While the semi-vaneless space 30 is somewhat similar in construction to vaneless spaces formed by the circular passages of conventional pipe diffusers of the prior art, the intersection of the specific D-shaped passages of the present invention form a unique semi-vaneless space geometry. A cusp, or partial vane, is formed on the impeller shroud by the intersection of the D-shaped passages. This partial vane extends to the impeller exit, and has a varying metal angle, becoming substantially tangential and having very little height at the junction with the impeller. The varying metal angles of the partial vanes therefore closely match the variation in the impeller exit flow between the shroud and the hub, as described above. Adjacent partial vanes in the semi-vaneless space 30 define generally wedge shape passages which help guide the flow into the diffuser.
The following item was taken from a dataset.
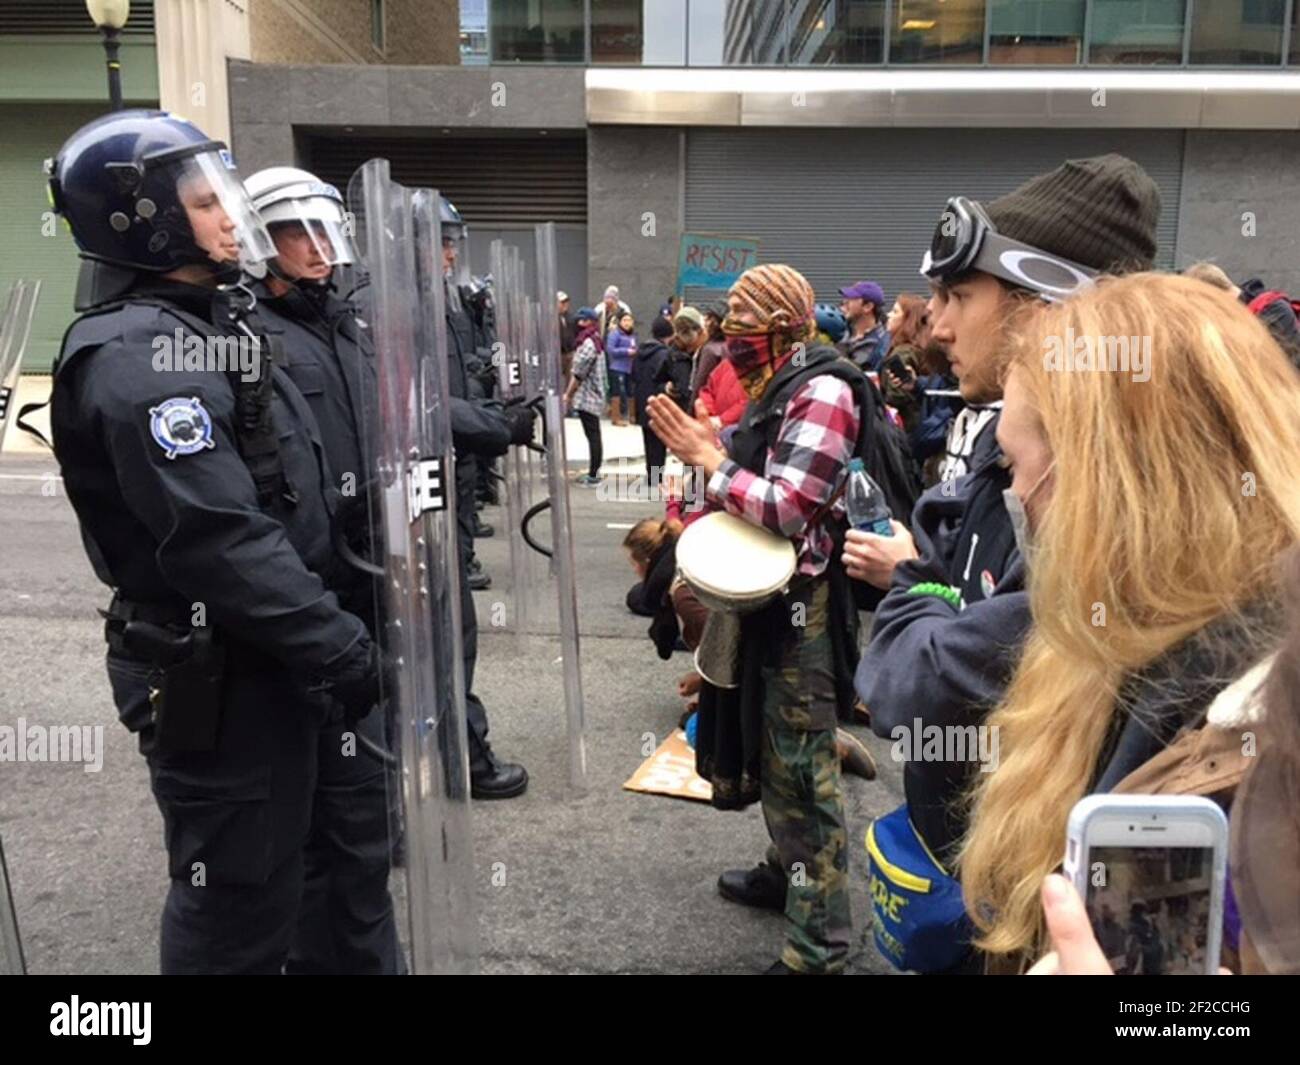 La police fait face aux manifestants alors que Donald Trump est assermenté comme 45e président des États-Unis à Washington, D.C., le 20 janvier 2017. Banque D'Images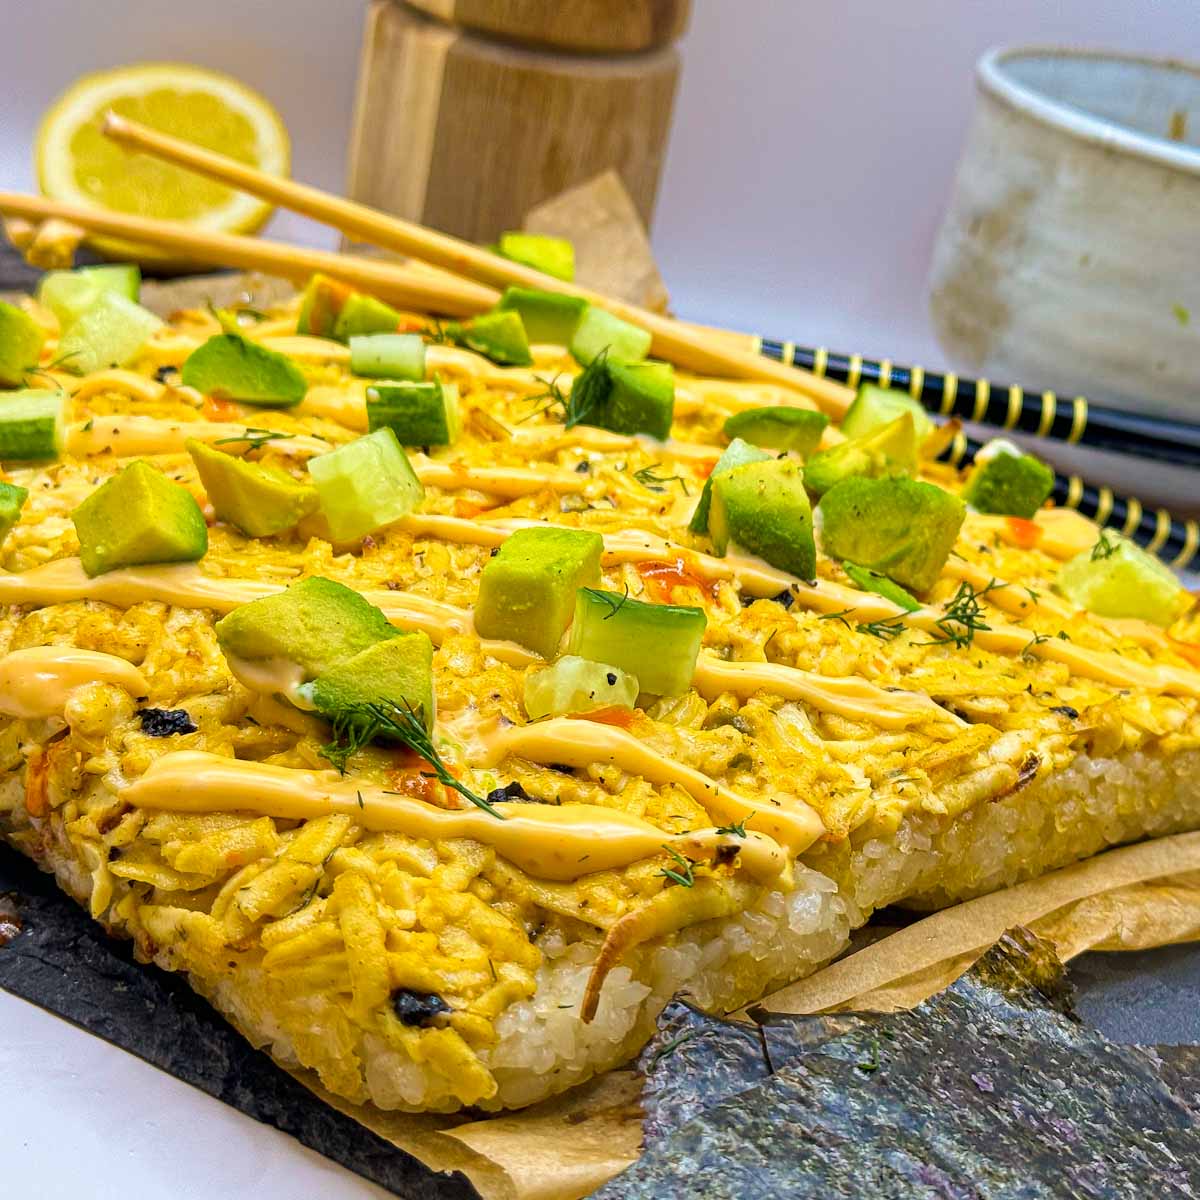 Easy Vegan Sushi Bake with Tofu Crab Topping

These partial vanes define the beginning of the D-shaped slots 48 of the discrete diffuser passages 34. The swept back leading edges 50, as described in more detail above, of the slots 48 and therefore the partial vanes, also provide aerodynamic advantages for supersonic flow. Supersonic shock losses are reduced by the oblique incidence formed by the closely spaced partial vanes of the semi-vaneless space 30.

In conjunction with the diffuser leading edge shape described above, the semi-vaneless space contributes to achieve reduced aerodynamic pressure losses, improved centrifugal compressor efficiency and a wider range of compressor operability.

While the geometry and orientation of the D-shaped discrete passages of the present diffuser provide aerodynamic advantages, other factors become important to consider when evaluating the viability of any new design. Improvements in one criteria often come at the expense of others, and aerodynamic performance is no exception, as such issues as cost efficiency and ease of manufacture can occasionally reduce the overall benefit reaped from an aerodynamic performance improvement.

While the present diffuser does provide aerodynamic advantages, it nevertheless remains cheaper and easier to manufacture. Traditional diffuser cases of the prior art having circular diffuser pipe passages often have to be manufactured by gun drilling, in order to create the intersecting, circumferentially spaced, diffuser passages.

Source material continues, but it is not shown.